This Sunday’s New York Times (March 19, 2017) had two
unusual but very interesting articles concerning wine.
Pot & Wine Pairings: The first article featured the
wine country of Sonoma California which is famous not only for the quality of
its vines but also for the quality of its cannabis – which it is now legal to
grow and to consume recreationally.
Taking advantage of these two home-grown pleasures and
supporting the local economy, some Sonoma restaurants are now offering wine
& pot pairing dinners.
"Sam Edwards, co-founder of the Sonoma Cannabis Company,
charges diners $100 to $150 for a meal that experiments with everything from
marijuana-leaf pesto sauce to sniffs of cannabis flowers paired with sips of a
crisp Russian River chardonnay.
“It accentuates the intensity of your palate,” Mr.

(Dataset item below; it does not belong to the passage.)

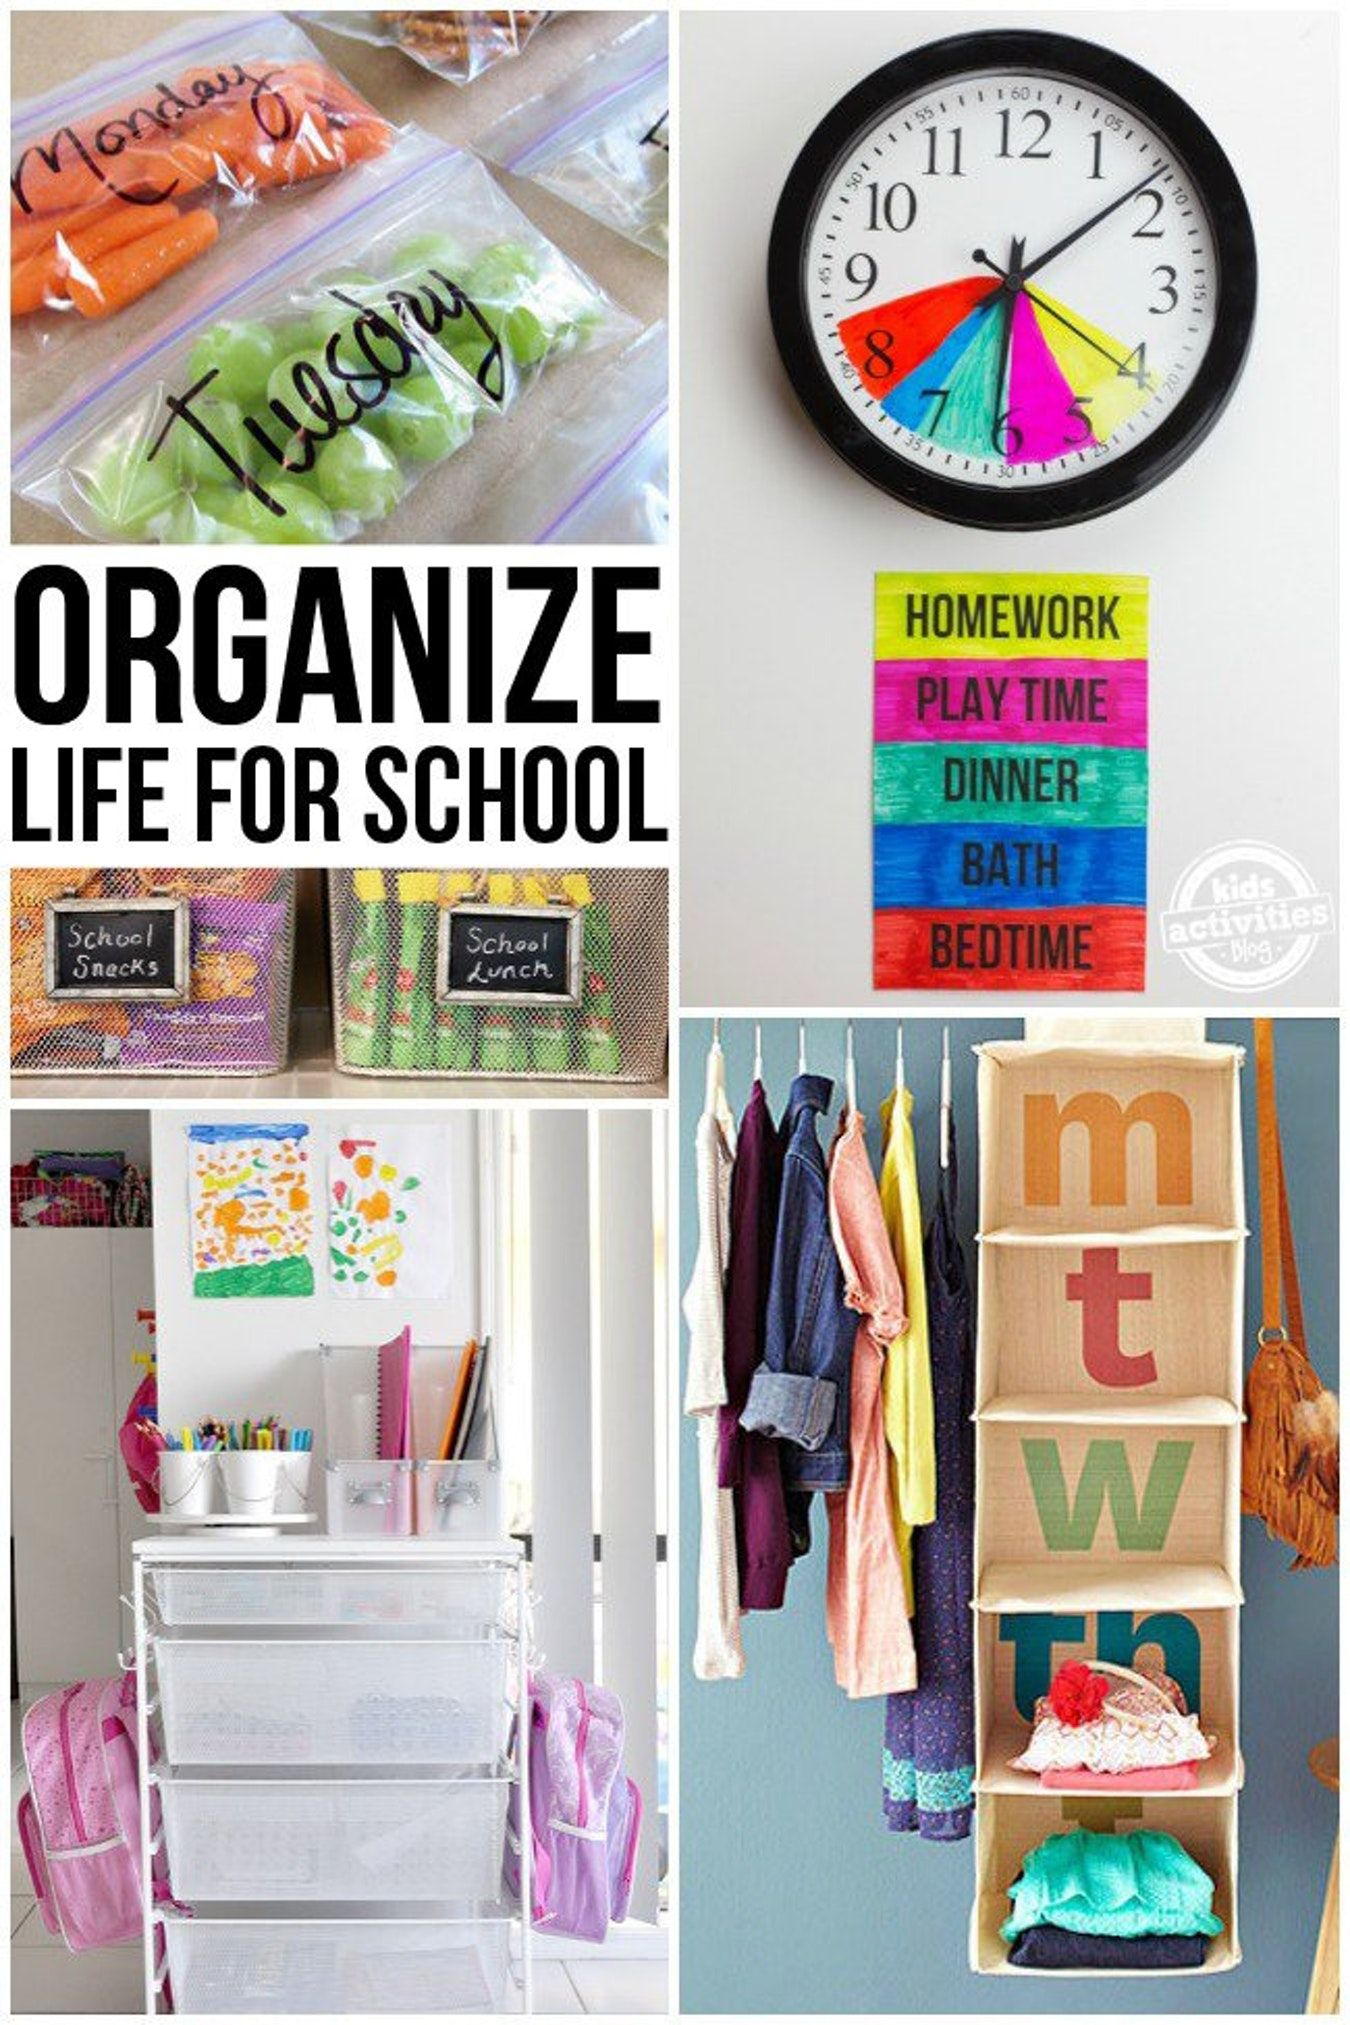 Organizing Life for School Kids Activities Life hacks

Edwards, 30, said of the dinners, one of which was held recently at a winery
with sweeping views of the Sonoma vineyards. “We are seeing what works and what
flavors are coming out.”
Read more of Thomas Fuller's article at the NYT: http://tinyurl.com/kjvkgv6
Pleasures of cheap, delicious wine: The second article confronts wine snobs
head-on by offering a detailed and well-argued defense of ‘processed’ wines.
The writer, Bianca Bosker, argues that there is nothing inherently superior in
natural, unadulterated, fermented grape-juice, as opposed to juice which has
been processed by the wine maker. Adding everything to the wine from resin, to
crushed marble or egg whites to ox-blood has been a common practice since even
before the Romans. With all the technologies of the twenty-first century, wine
makers are now able to reproduce all the subtle pleasures of the very best and
rarest wines in cheap and accessible versions for the rest of us.
Read the full article by Bianca Bosker at NYT:
http://tinyurl.com/mv8v4b4
Fascinating!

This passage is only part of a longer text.